The Tomb Raider VR leak might be the final nail in the coffin for big-budget VR adaptations of established franchises. Or it could be the spark that convinces a smaller studio to license the IP and finish the job. I’m not holding my breath, but I’ve been wrong before.
What This Means for VR’s Future
If you’re a VR enthusiast, you’re probably feeling a mix of anger and resignation. I’m right there with you. The cancellation of Tomb Raider VR isn’t an isolated incident — it’s a symptom of a larger disease. The VR industry is stuck in a chicken-and-egg loop: no big games means no mainstream adoption, and no adoption means no big games.
But there are glimmers of hope. Indie developers are pushing boundaries. Into the Radius, Vertigo 2, Boneworks — these are innovative, ambitious titles that prove VR doesn’t need a triple-A budget to be compelling. And platforms like Quest are making VR more accessible every year.
Still, I can’t help but mourn what we lost. Lara Croft in VR could have been the ambassador the medium needed. She’s iconic, recognizable, and her gameplay loop is tailor-made for immersive tech. The fact that a project with that potential got the axe before it even had a chance to fail or succeed is a tragedy.
The Bottom Line
So where does this leave us? The leaked images and video are a bittersweet glimpse into a parallel universe where Tomb Raider VR exists and — who knows — maybe even thrives. But in our timeline, it’s just another canceled project, another reminder that the VR industry is still fragile, still fighting for relevance, and still losing the battle for publisher confidence.

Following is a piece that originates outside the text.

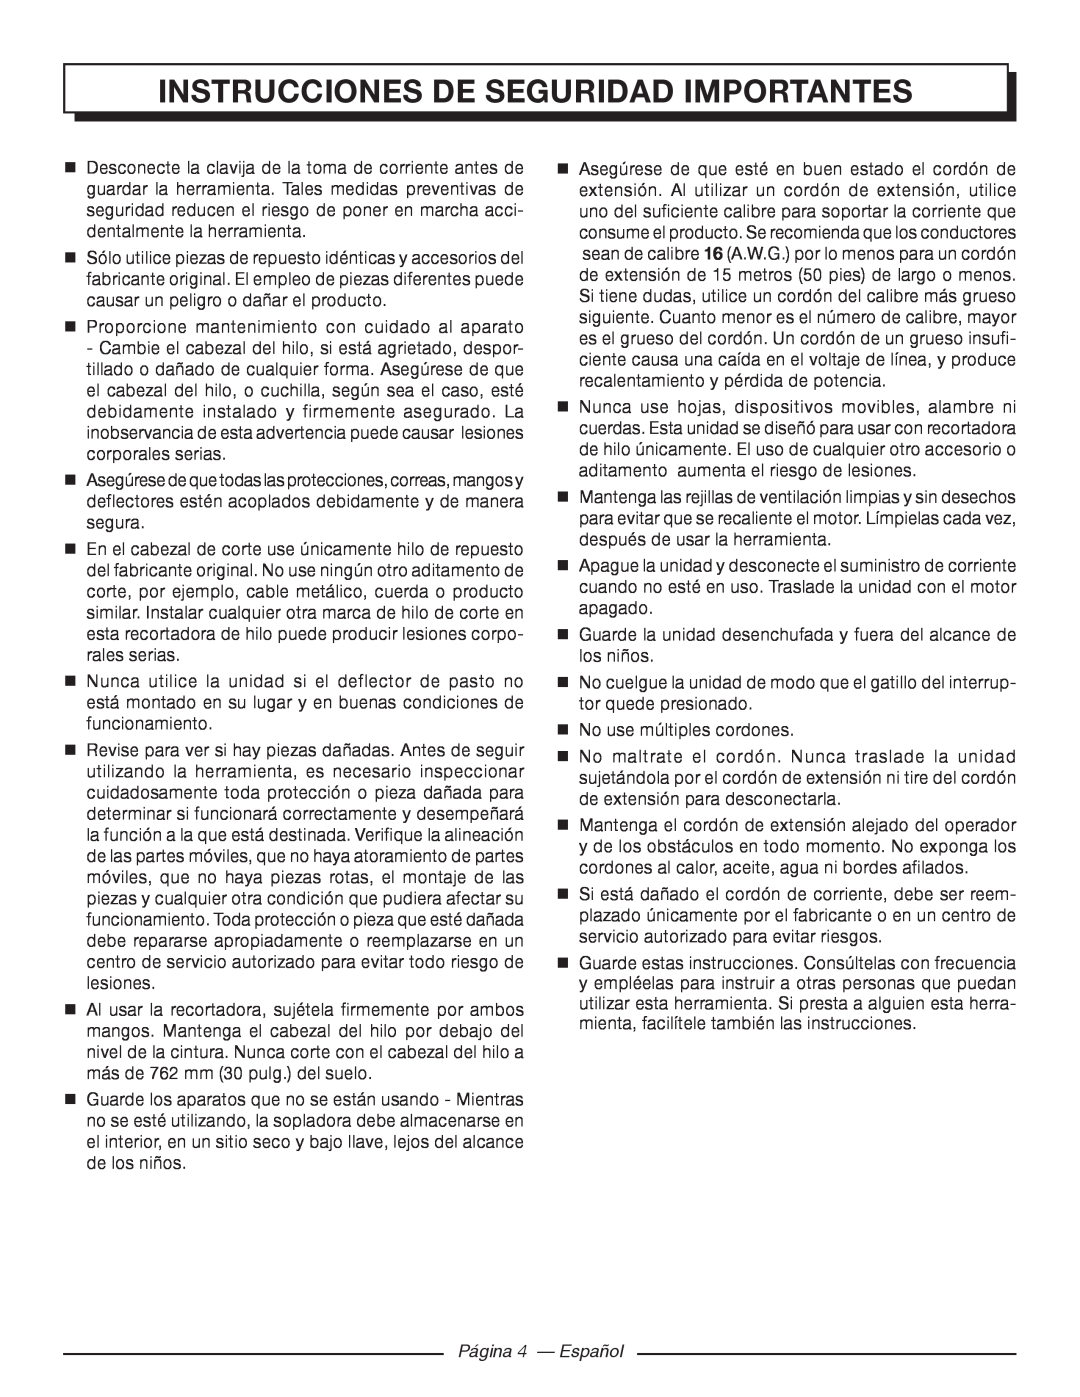 Homelite UT41120 manuel dutilisation Página 4 - Español, Instrucciones De Seguridad Importantes

I’ll keep covering this space because I believe in the technology. I believe that VR can deliver experiences that flat screens never can. But days like today, I wonder if the industry will ever get out of its own way. Tomb Raider VR deserved better. And so did we.
If you’re reading this and you have the power to revive this project — publisher, investor, studio head — do it. The community is waiting. The hardware is ready. The only thing missing is the will.